I thought the same. There are "only" 64!/(55!*9!) = 27,540,584,512 different positions with 9 queens. A program should be easily able to test 1e6 positions per second -> less than 8 hours (probably much less). A prove would need a bit more. Perhaps one of those queens happens to have less than 8 moves, and a 3rd knight would be better (but I doubt it).
This actually would be a nice programming excersize. One should be able to program it from scratch in a few hours.
Regards,
Dieter

I think that this problem can be solved by brute force.
You do not need to search all cases and there are cases when even after 8 queens you already know that you cannot be even close to the maximal number.
Imagine queens at a1,b1,c1.d1,e1,f1,g1,h1
Every queen see exactly 14 squares so you have 14*8=112 squares
112+27+14*2+13*2+8*2+8=215

[Dan Honeycutt]

Geschrieben von:/Posted by: Dan Honeycutt at 26 June 2004 03:31:06:
Als Antwort auf:/In reply to: Re: More WBEC output examination... {LGPGNVER} geschrieben von:/posted by: Uri Blass at 26 June 2004 01:31:08:

323 moves will be enough for legal chess positions. 9 Q, 2 R, 2 B, 2 N, 1 K
9*27+2*14+2*13+2*8+10 (including 2 castling moves).

castling move are moves of the king and if the king can castle then by definition it have not more than 7 moves so you can replace 10 by 8.
If you are intersted in the maximal number of legal moves of 9 queens then you can try to solve by a program the maximal number of n queens for smaller n by trying all possibilities.

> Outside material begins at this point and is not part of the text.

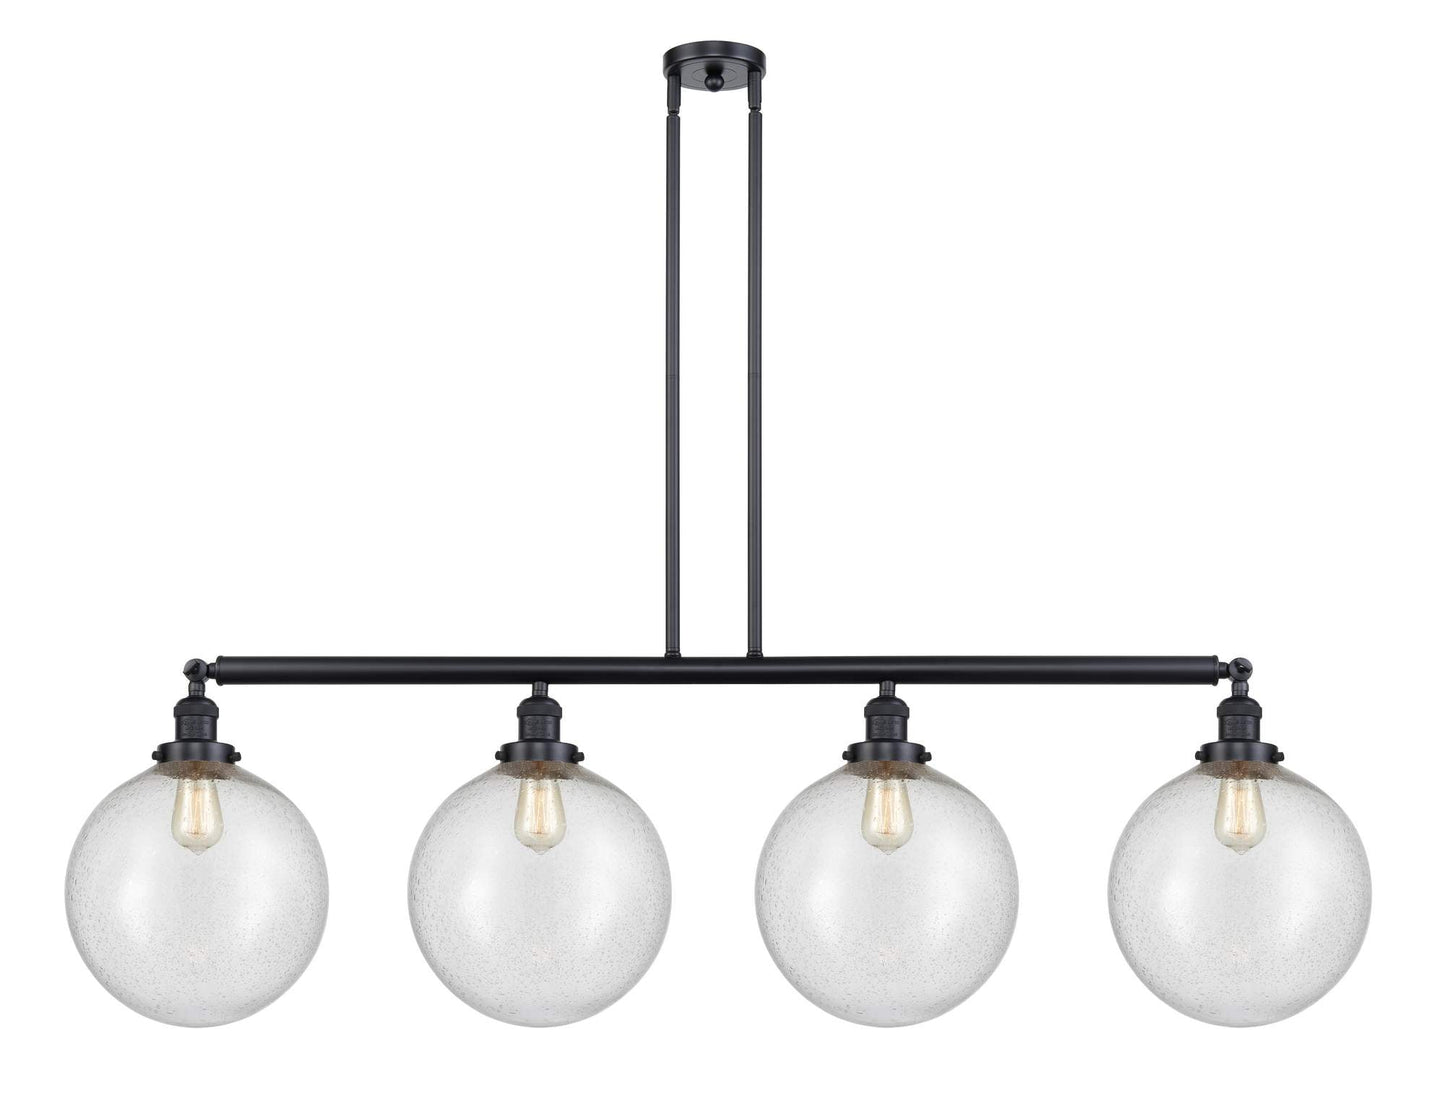 214-BK-G204-12 4-Light 56" Matte Black Island Light - Seedy Beacon Glass - LED Bulb - Dimmensions: 56 x 12 x 16<br>Minimum Height : 26<br>Maximum Height : 50 - Sloped Ceiling Compatible: Yes

Yes, thanks for pointing it out. Additionally, at least one of those two rooks could not have more then 10 moves.
I thought the same. There are "only" 64!/(55!*9!) = 27,540,584,512 different positions with 9 queens. A program should be easily able to test 1e6 positions per second -> less than 8 hours (probably much less). A prove would need a bit more. Perhaps one of those queens happens to have less than 8 moves, and a 3rd knight would be better (but I doubt it).
This actually would be a nice programming excersize. One should be able to program it from scratch in a few hours.
Regards,
Dieter

I think that this problem can be solved by brute force.
You do not need to search all cases and there are cases when even after 8 queens you already know that you cannot be even close to the maximal number.
Imagine queens at a1,b1,c1.d1,e1,f1,g1,h1
Every queen see exactly 14 squares so you have 14*8=112 squares
112+27+14*2+13*2+8*2+8=215You can even calculate 112+26+13*2+12*2+7*2+7=207Uri

I think a few less than 218. The queens can't control every square as the opponent king has to go somewhere. Best I could do tinkering was 198:
R6Q/5Q2/3Q4/1Q6/6Q1/4Q3/2Q4B/Q3QK1k w - -
Dan H.

[Uri Blass]

Geschrieben von:/Posted by: Uri Blass at 26 June 2004 04:35:08:
Als Antwort auf:/In reply to: Re: More WBEC output examination... {LGPGNVER} geschrieben von:/posted by: Dan Honeycutt at 26 June 2004 03:31:06:

323 moves will be enough for legal chess positions. 9 Q, 2 R, 2 B, 2 N, 1 K
9*27+2*14+2*13+2*8+10 (including 2 castling moves).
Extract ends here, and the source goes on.